_Data excerpt_.
----------------

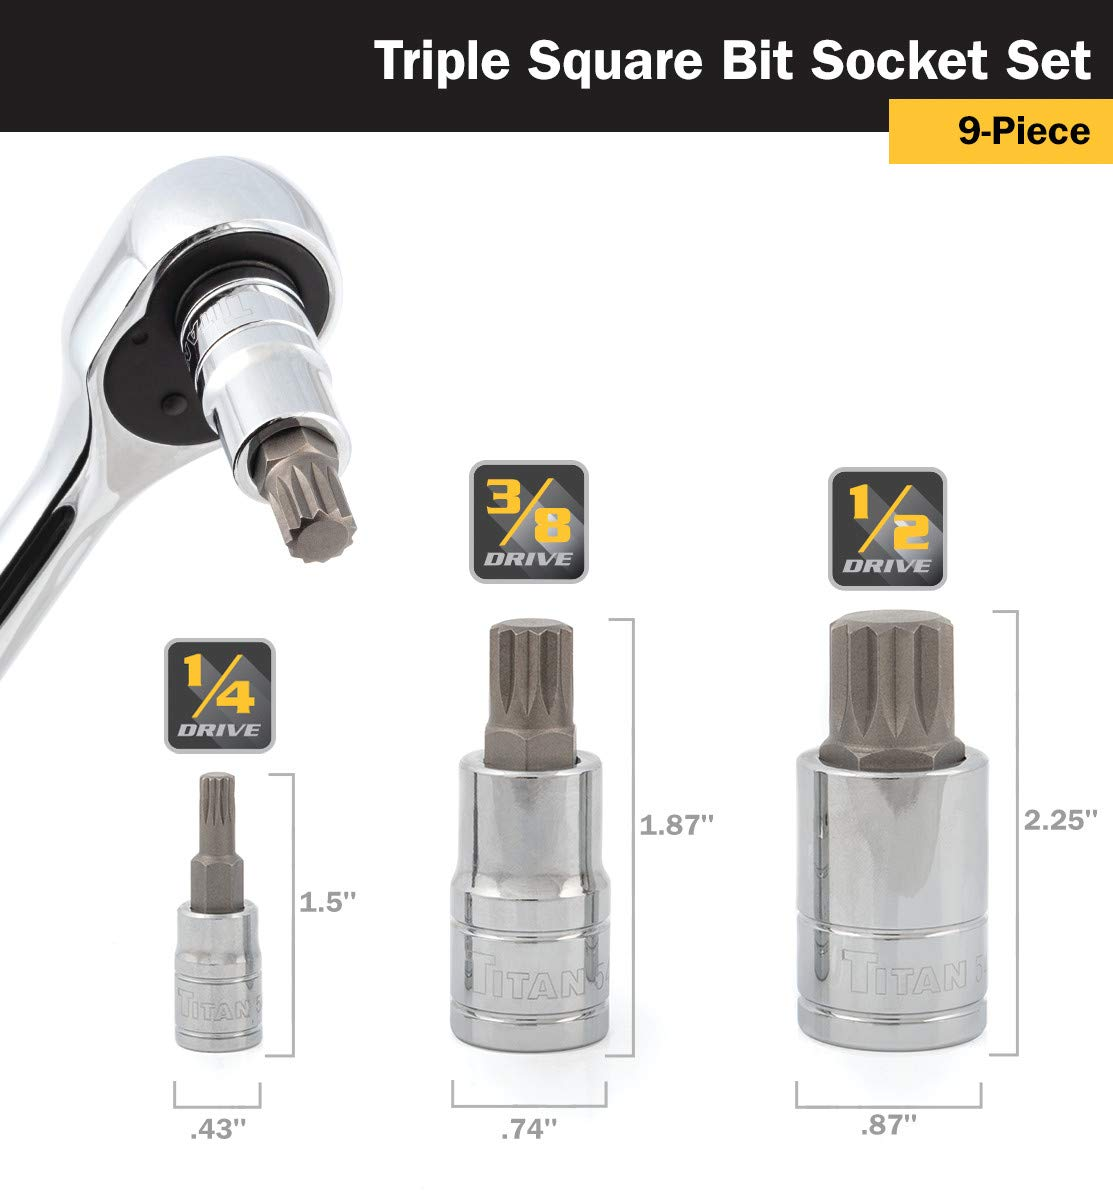 NEW 9 PIECE XZN TRIPLE SQUARE BIT SOCKET SET TITAN 16144
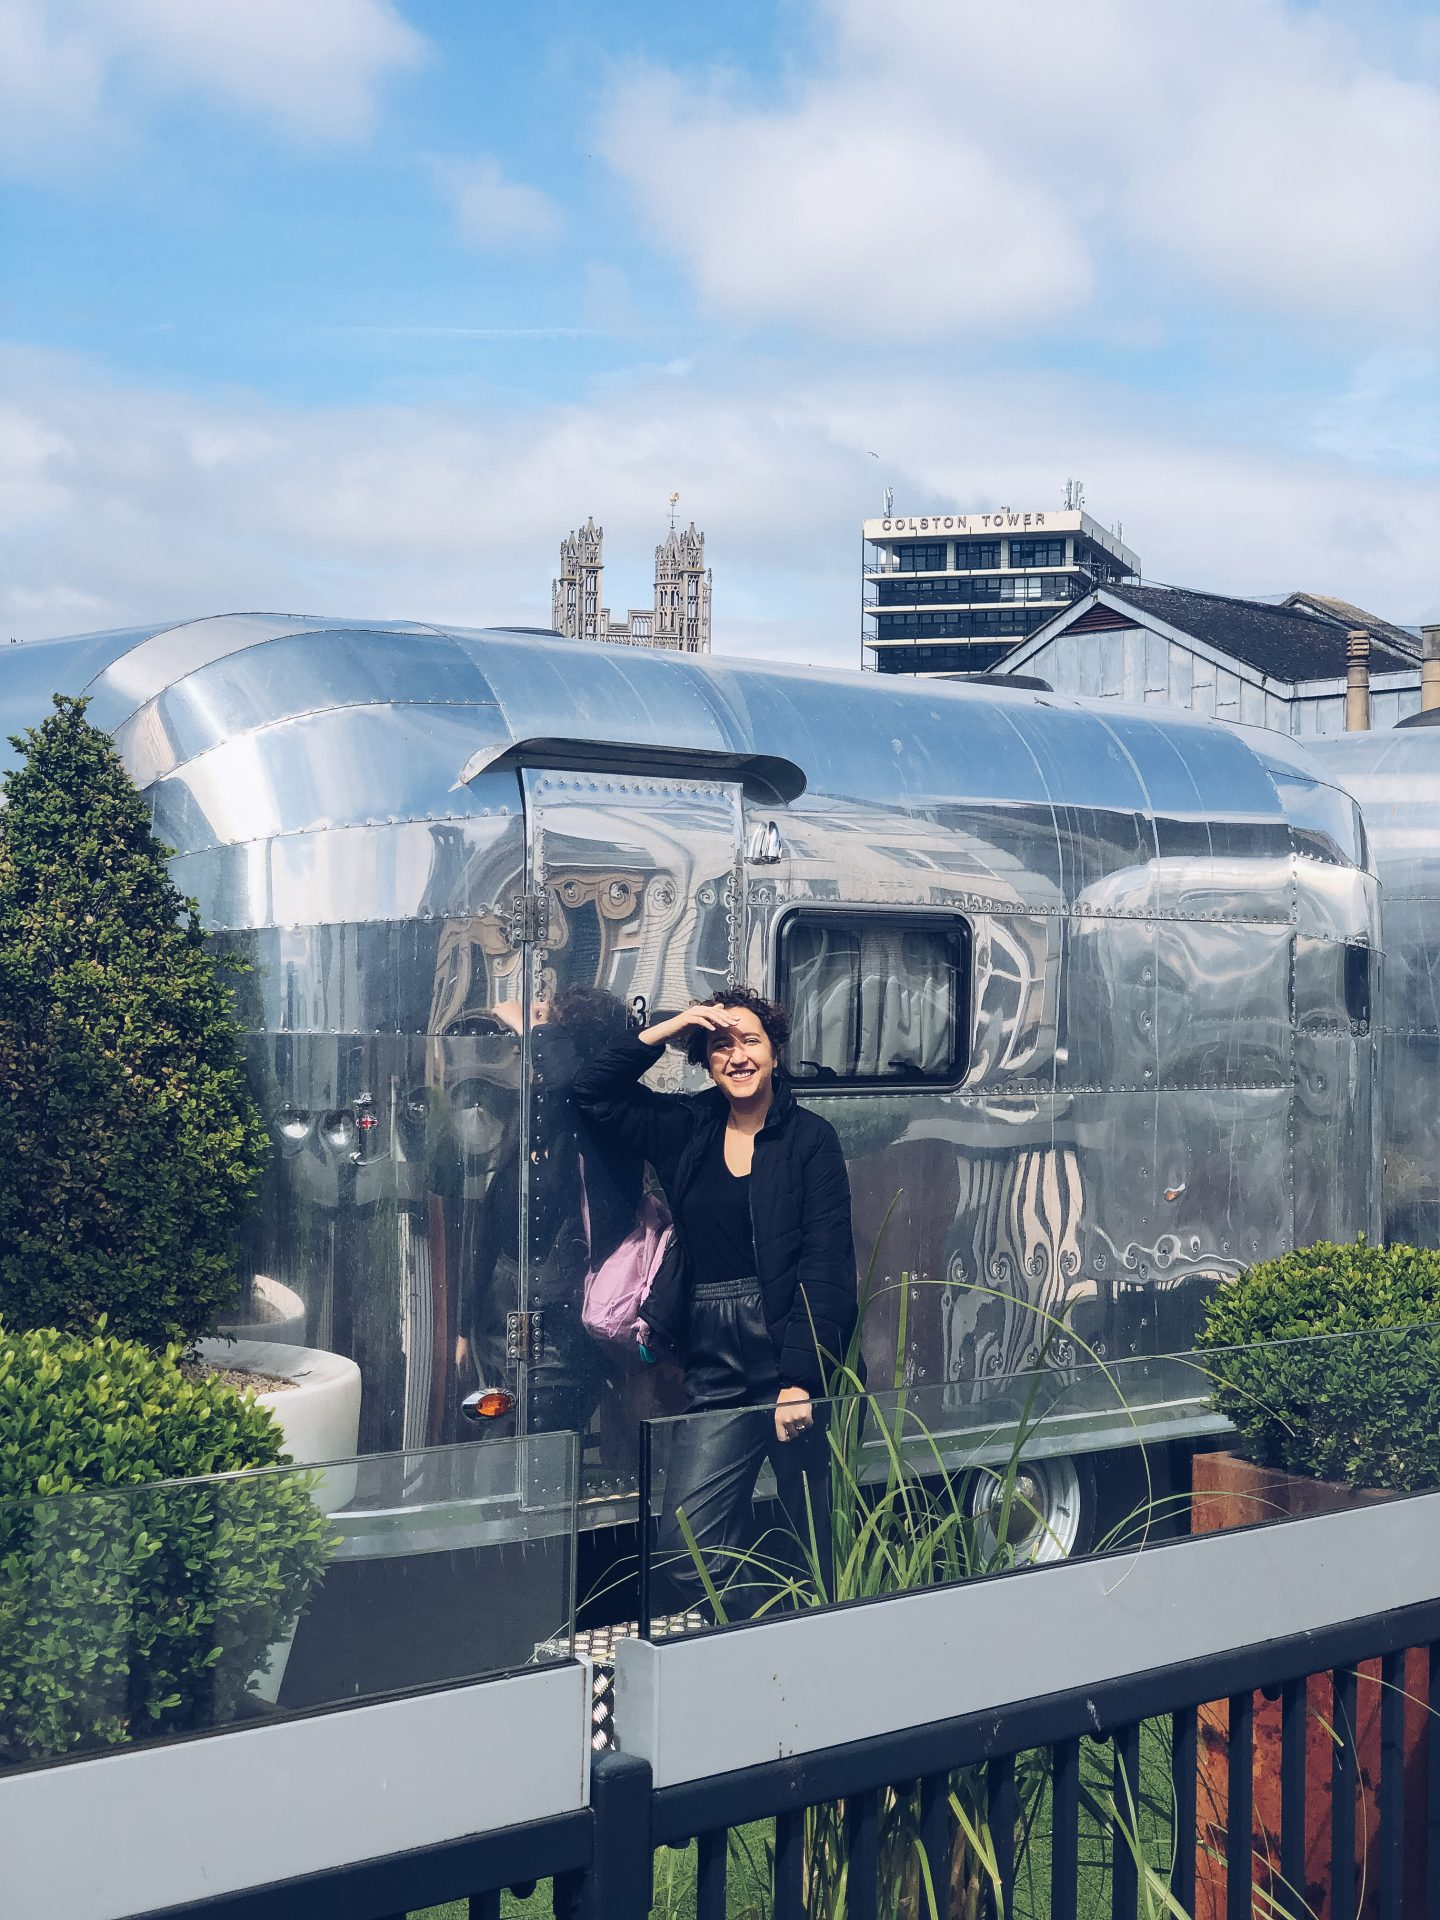 brooks guesthouse bristol caravan
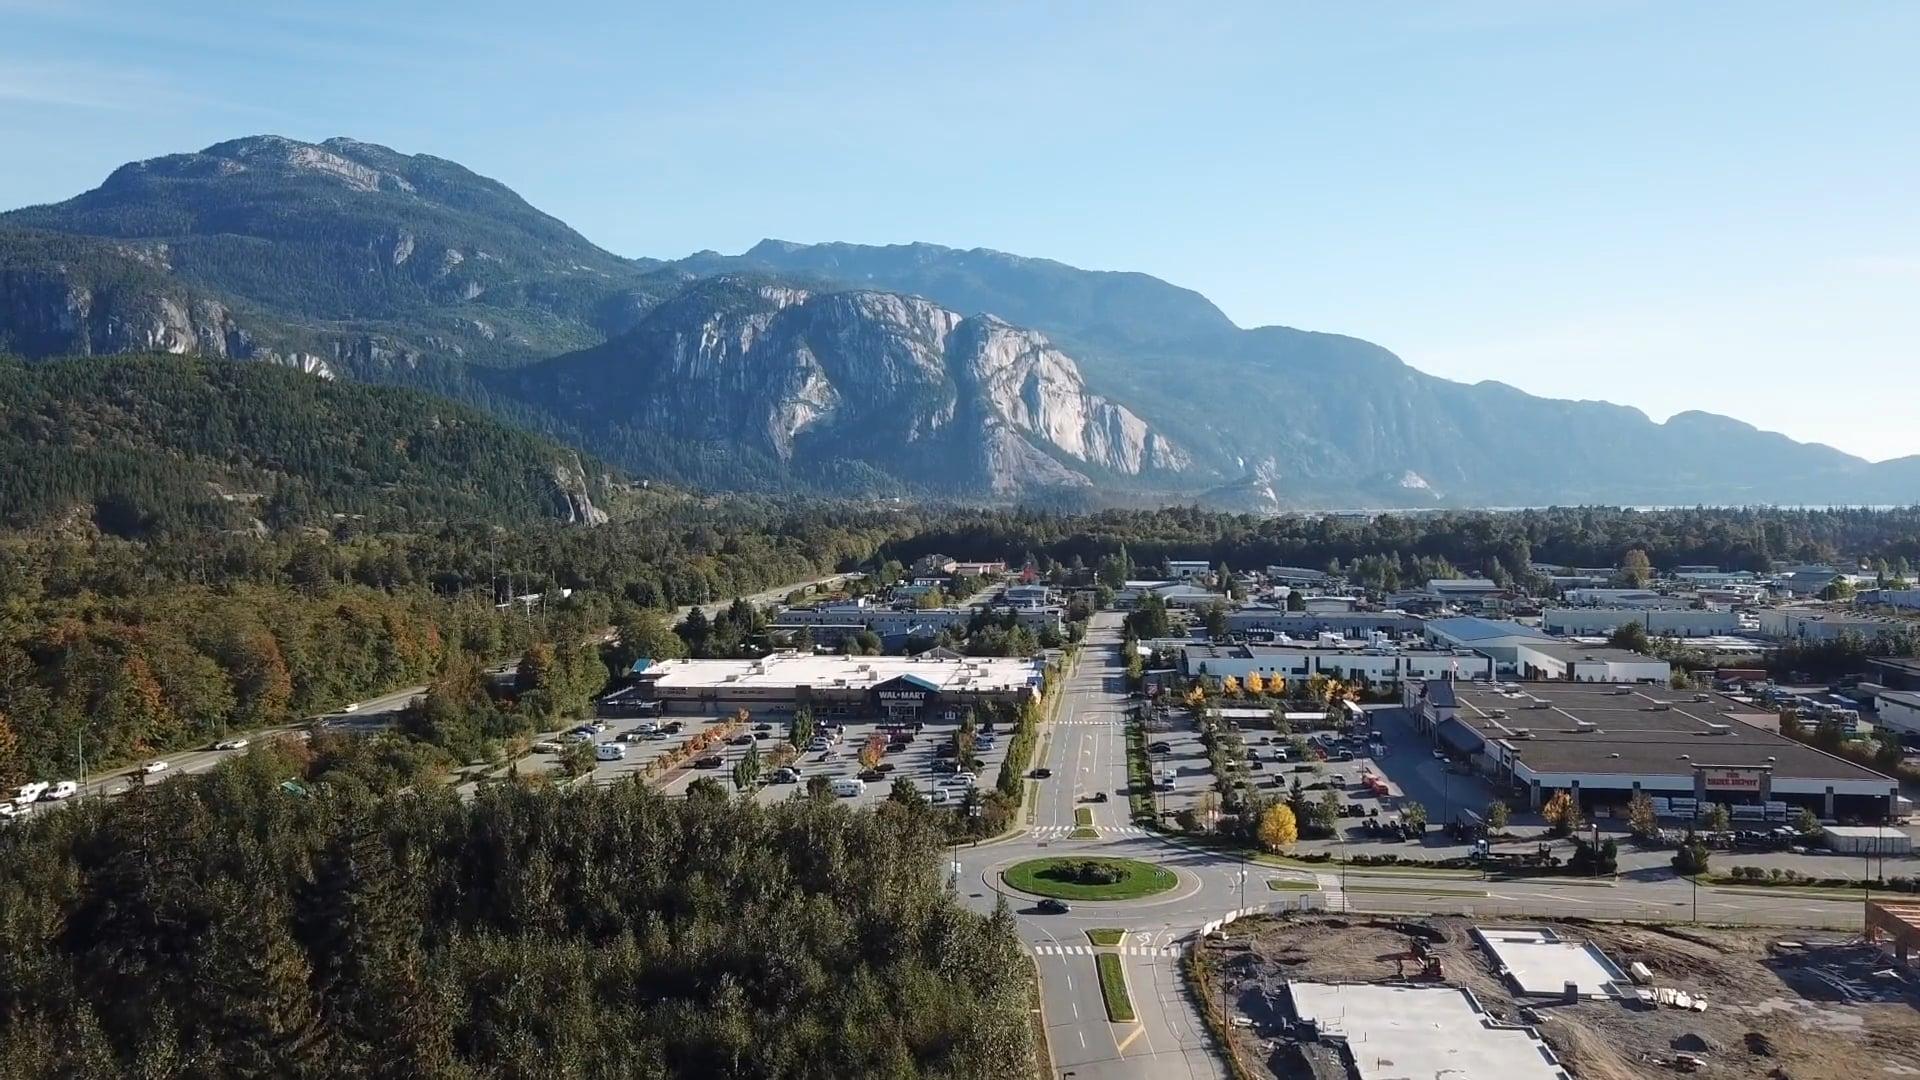 Squamish River Estuary, Garibaldi, SkyRidge, Stawamus Chief, Industrial Park (Ventana), Garibaldi, Squamish, British Columbia
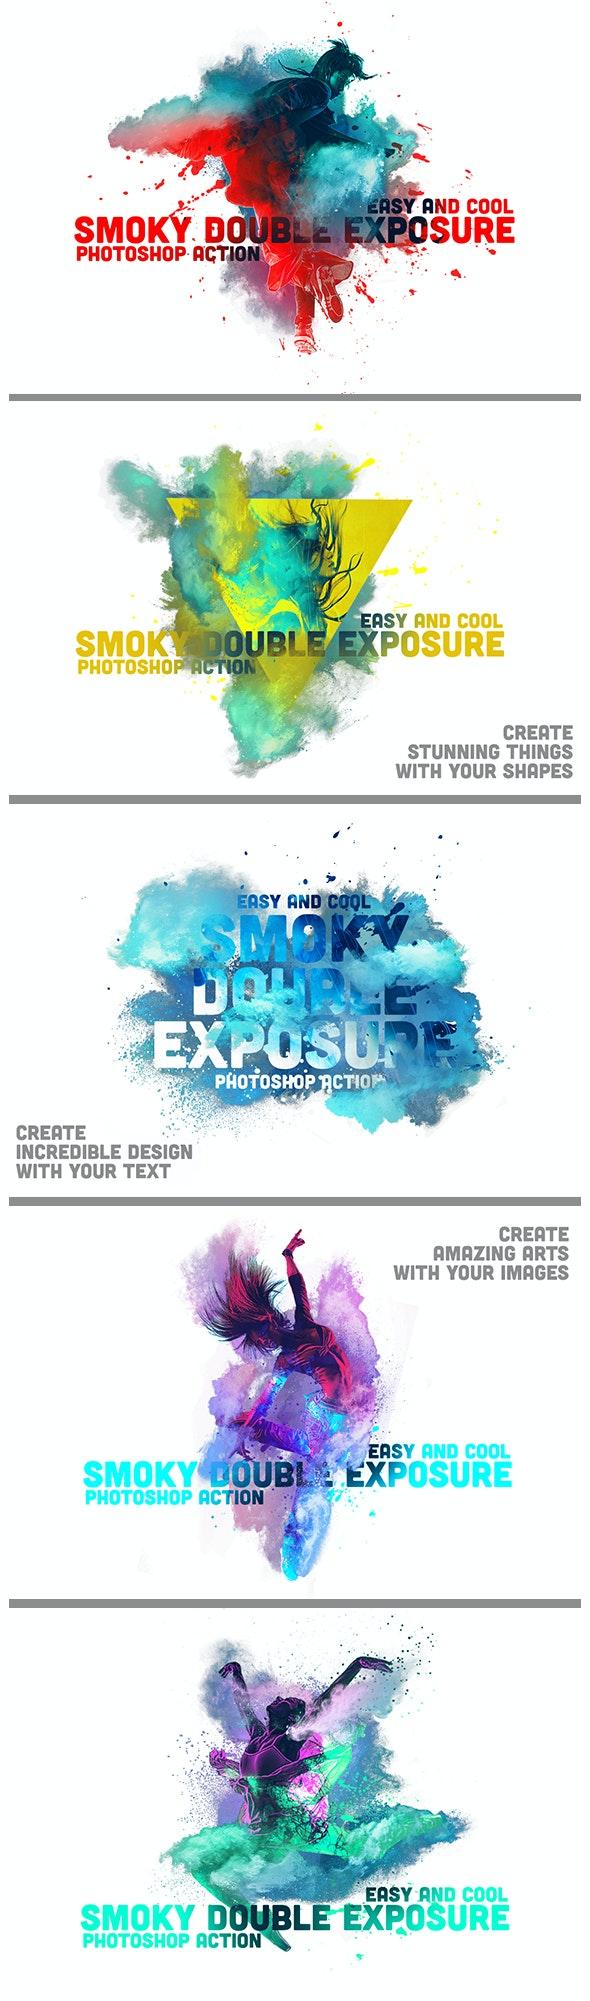 Smoky Double Exposure - Actions Photoshop

----------------

_Task to carry out_. What the task needs is the material above repeated exactly, pictures excepted.

_Output of the exercise_.
 NEW 9 PIECE XZN TRIPLE SQUARE BIT SOCKET SET TITAN 16144
 brooks guesthouse bristol caravan
 Squamish River Estuary, Garibaldi, SkyRidge, Stawamus Chief, Industrial Park (Ventana), Garibaldi, Squamish, British Columbia
 Smoky Double Exposure - Actions Photoshop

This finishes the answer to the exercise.